The novelty vertical aspect ratio ruins it for me. This is the book that wouldn’t turn its phone sideways.
Exact opposite for me. With all those pull out pages, what is not to love?
This is amazing. Must have this!
It sounds like the ultimate 1970’s triple-gatefold prog album cover.
What is not to love? The creases down the foldout images; and the fact that many images appear to cross the spine of the book, making it impossible for them to be flat. A larger, landscape oriented book would have been preferable. They could even have stuck with the “monolith” idea and put the spine at the top of the book, so it opened like a pad (or could have had a really short spine on the other edge, but which might not work so well for stability and durability). Given that they are displaying images related to a widescreen movie, why would they choose the opposite aspect ratio?
(I attended the BBC wildlife photographer of the year exhibition at the NHM in London a few years back. The images in the souvenir book they were selling all crossed the spine of the book. I passed. In hindsight it might have been an anti-copying “feature” of the book. Cellulose DRM, if you will.)

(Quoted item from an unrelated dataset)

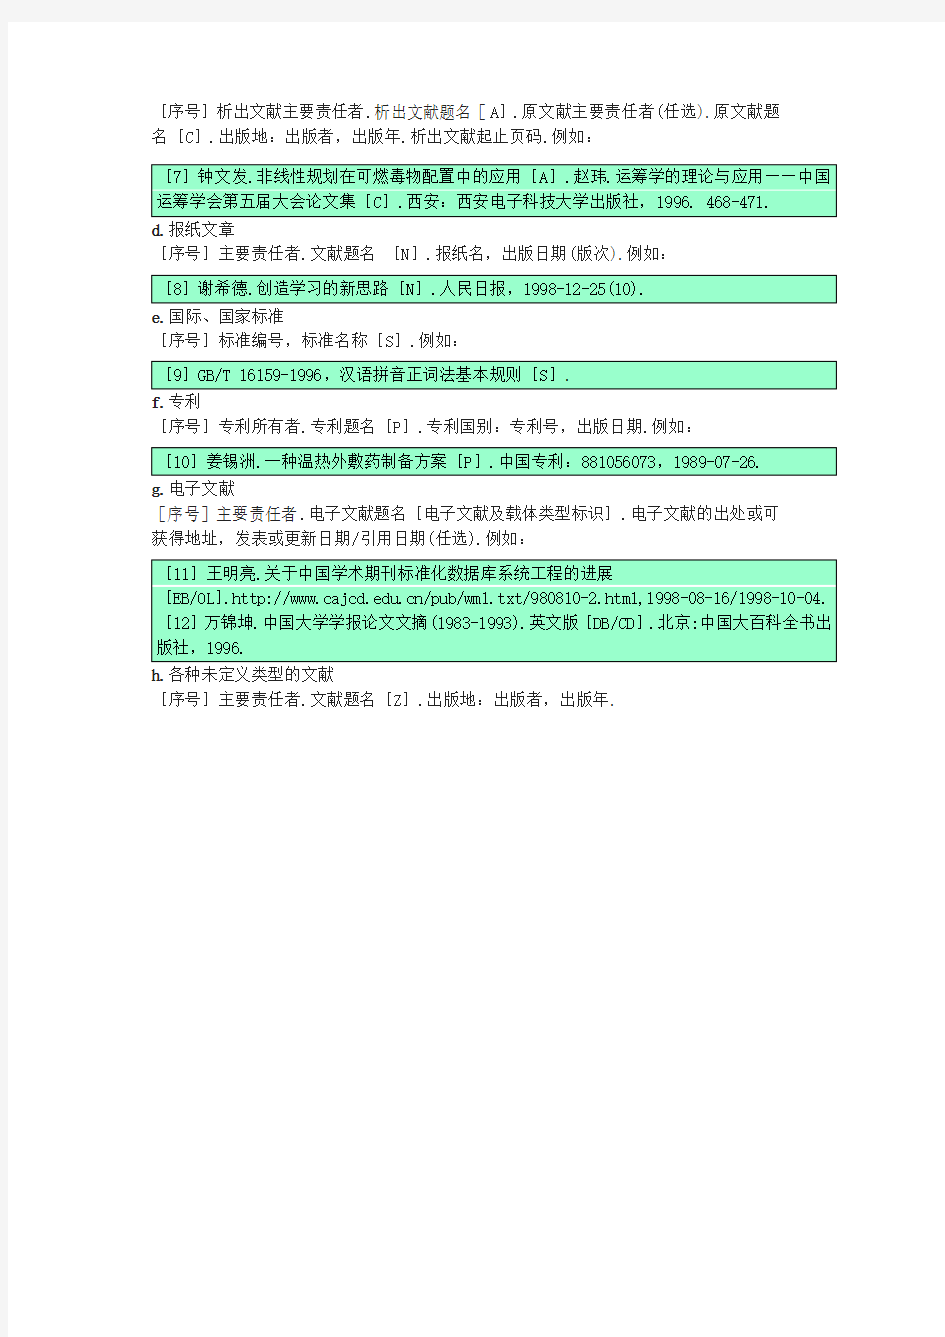 中文引用格式

I wish I could remember where I read it–and it’s probably collected in the book–but one of the matte painters was thrilled that they did such a great job creating a view of Earth from space…at a time when no one had seen Earth from space.

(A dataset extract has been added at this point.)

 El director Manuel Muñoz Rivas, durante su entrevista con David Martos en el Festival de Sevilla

A few years later when the first real pictures came back he breathed a sigh of relief.
But is it 1.66" thick???
And then it should at least have a magnetic field of anomalous strength so you can easily find it when hidden.
edit: missed a word
Neodymium magnets along the spine, perhaps? The magnetometers in cellphones could find it nicely…
Thought… what about a display of the vector of magnetic field, in 3d via anaglyph glasses?